:: DESCRIPTION OF THE TASK ::
Output only the lines below that start at the line containing "菜菜-西瓜篮-梦象动态壁纸" and end at the line containing "Las redes informáticas", with both ends kept.

:: TASK INPUT ::
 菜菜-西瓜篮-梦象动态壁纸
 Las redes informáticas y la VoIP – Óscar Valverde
==
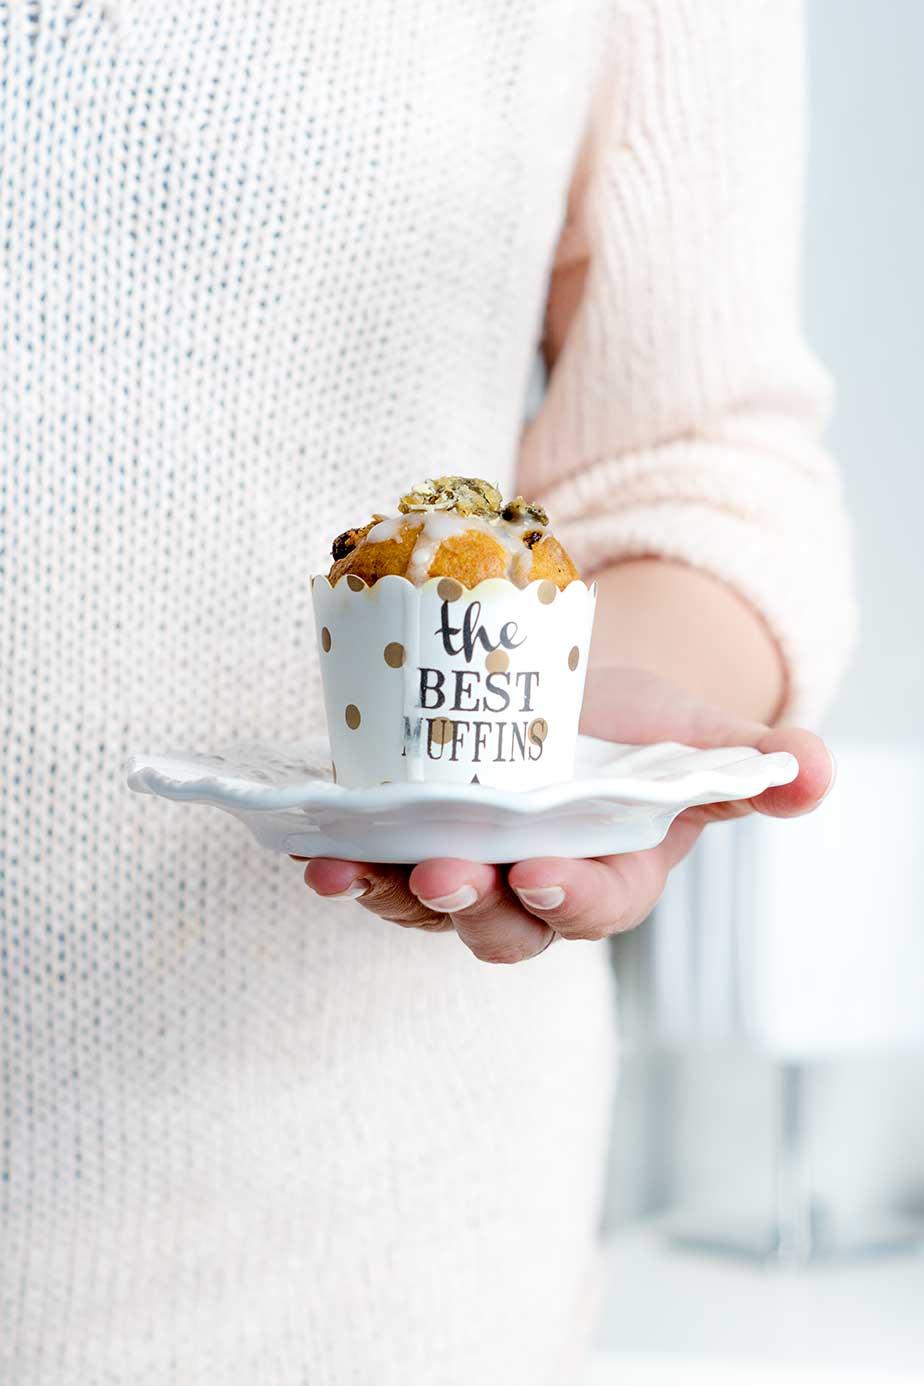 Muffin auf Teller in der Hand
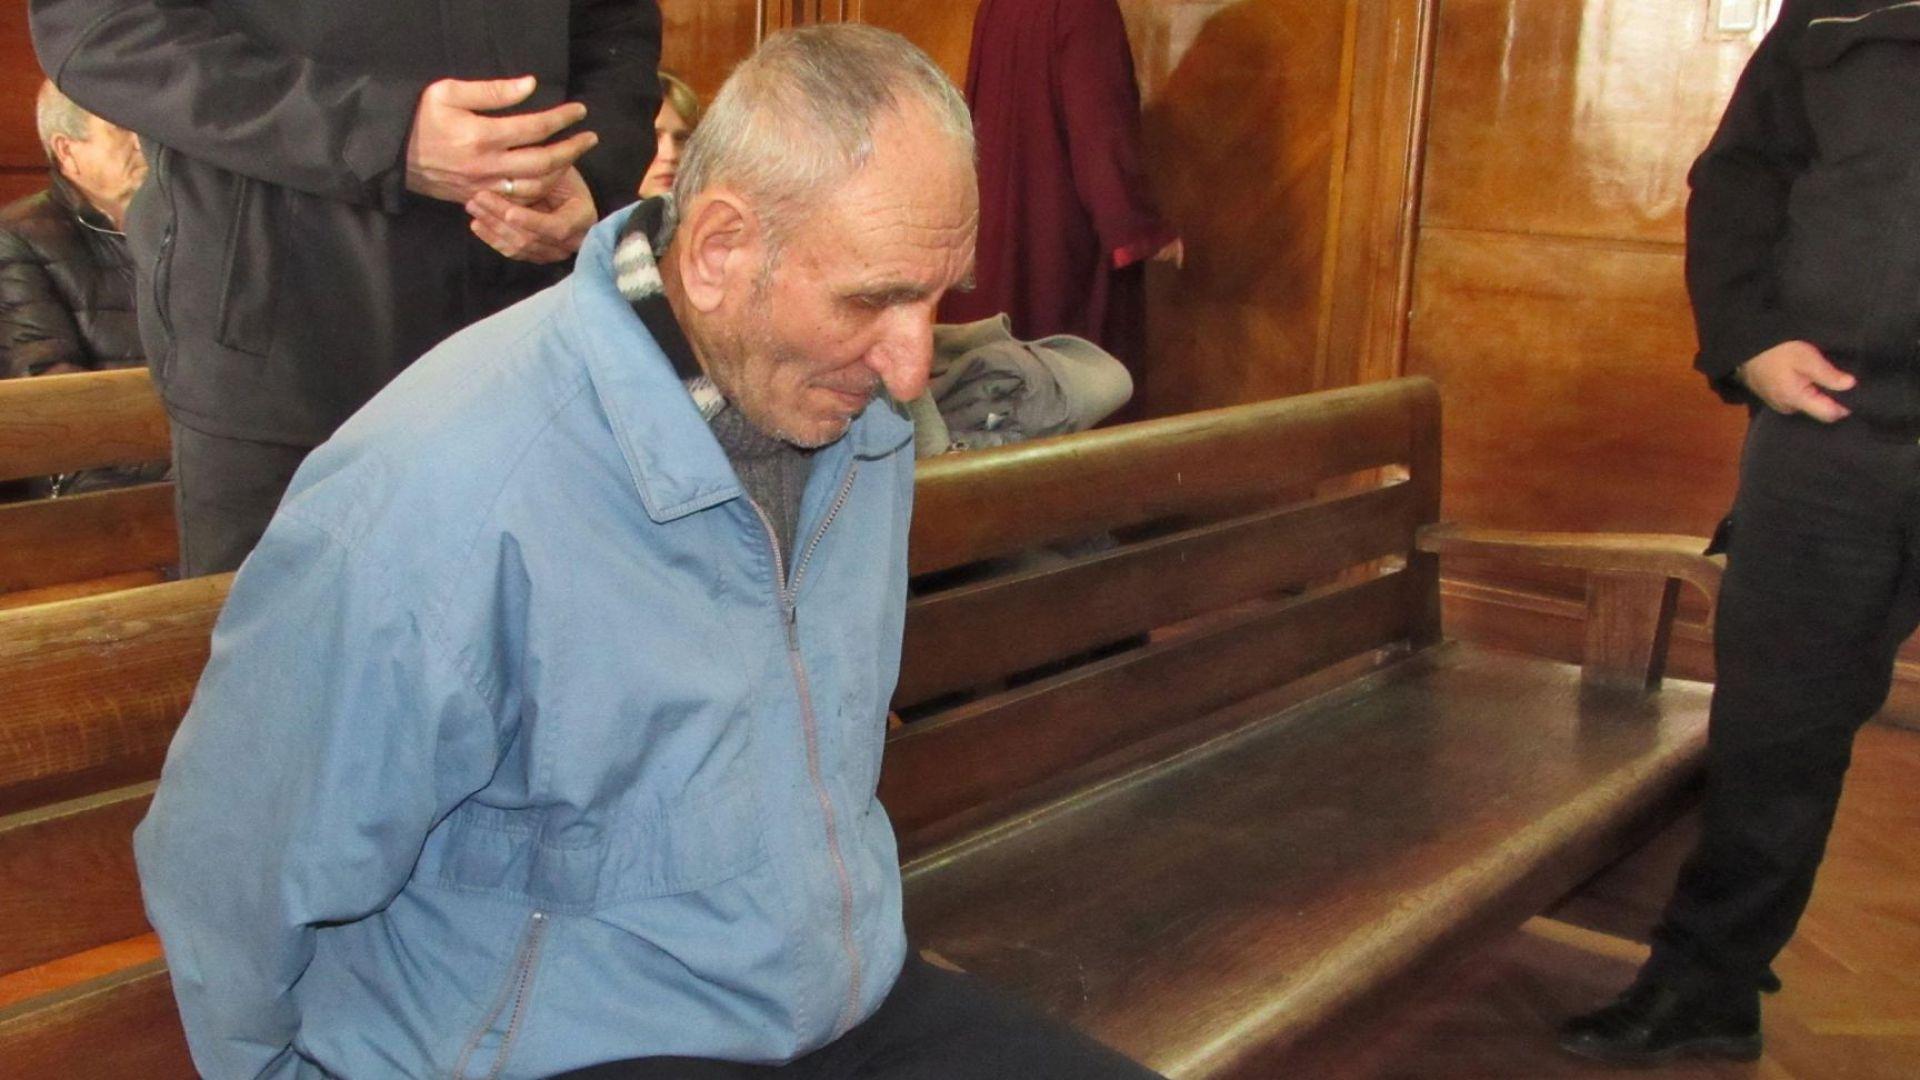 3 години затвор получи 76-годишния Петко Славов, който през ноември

:: SOLUTION FOR THIS EXERCISE ::
 菜菜-西瓜篮-梦象动态壁纸
 Las redes informáticas y la VoIP – Óscar Valverde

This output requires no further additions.